I was talking with my momma this morning about orthomolecular medicine, and all the work she’s done to help people achieve better health over the years. Most often when I’m thinking about my momma in this regard, I think of how it is that she’s responsible for bringing life to families struggling to have children. What more beautiful work can there be as a humanitarian than to care for the quality of human life, and it’s propagation through it’s generations of families?

Needless to say, I’m proud of my momma. Recently she’s been a wonder-woman dealing with the mad chaos I’ve stirred up delightedly this past summer, the “Beautiful Mind” as I refer to it, and the “Human Virus” and my pursuit of the realization of a “Human Internet” or network. While we started out on slippery ground, for a notable moment of absence on the day you’d look back and say mattered most, she’s been the wind beneath my wings, and the only ground by which I lay my feet to rest.

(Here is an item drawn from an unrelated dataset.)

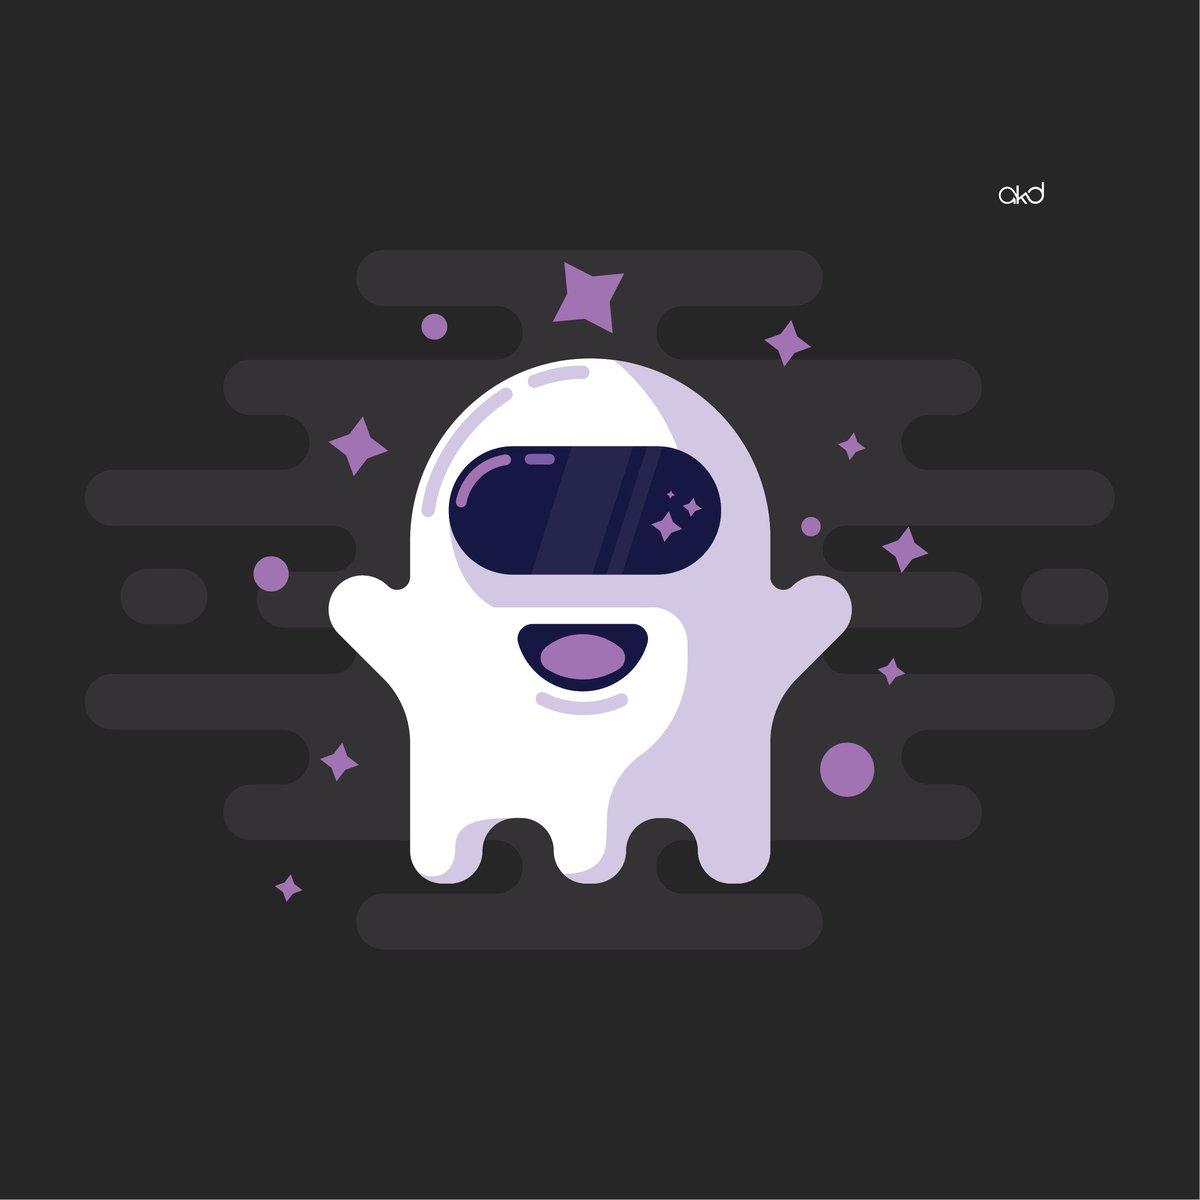 2d Illustration . . . #2danimation #2dillustration #design #logodesigns #logo #designer #graphic #art #artist #adobe #adobeillustrator #logotype #pet #pets #animal #logodesigner #logodesigns #identydesign #photoshop #illustrator #illustration #instagram https://t.co/q1XPDtqTRK

Momma is responsible for protecting my legalities. She formed my business, Baxley Studios, this month a year ago. Baxley Studios was formed as a S-Corp in the great state of Delaware where my 45th great grandfather, George Read, signed of the Declaration of Independence, was a Continental Congressman from Delaware, and delegate to the U.S. Constitutional Convention of 1787, President of Delaware, a member of the Federalist Party, and served as U.S. Senator from Delaware and Chief Justice of Delaware. Let’s just say it’s about keeping it in the family.

Momma also made sure that my body was protected after the atrocities that came to be thanks to the County of San Diego and the great snafu of July 2011. More on that later, but suffice to say that my momma is both my executor (hehe) and power of attorney, in all things from estate management to my advance medical directive. Proud of my blood, quite literally, and my former unmarred medical history, together we’ve documented the medical drama surround my cuckoo’s nest squatting.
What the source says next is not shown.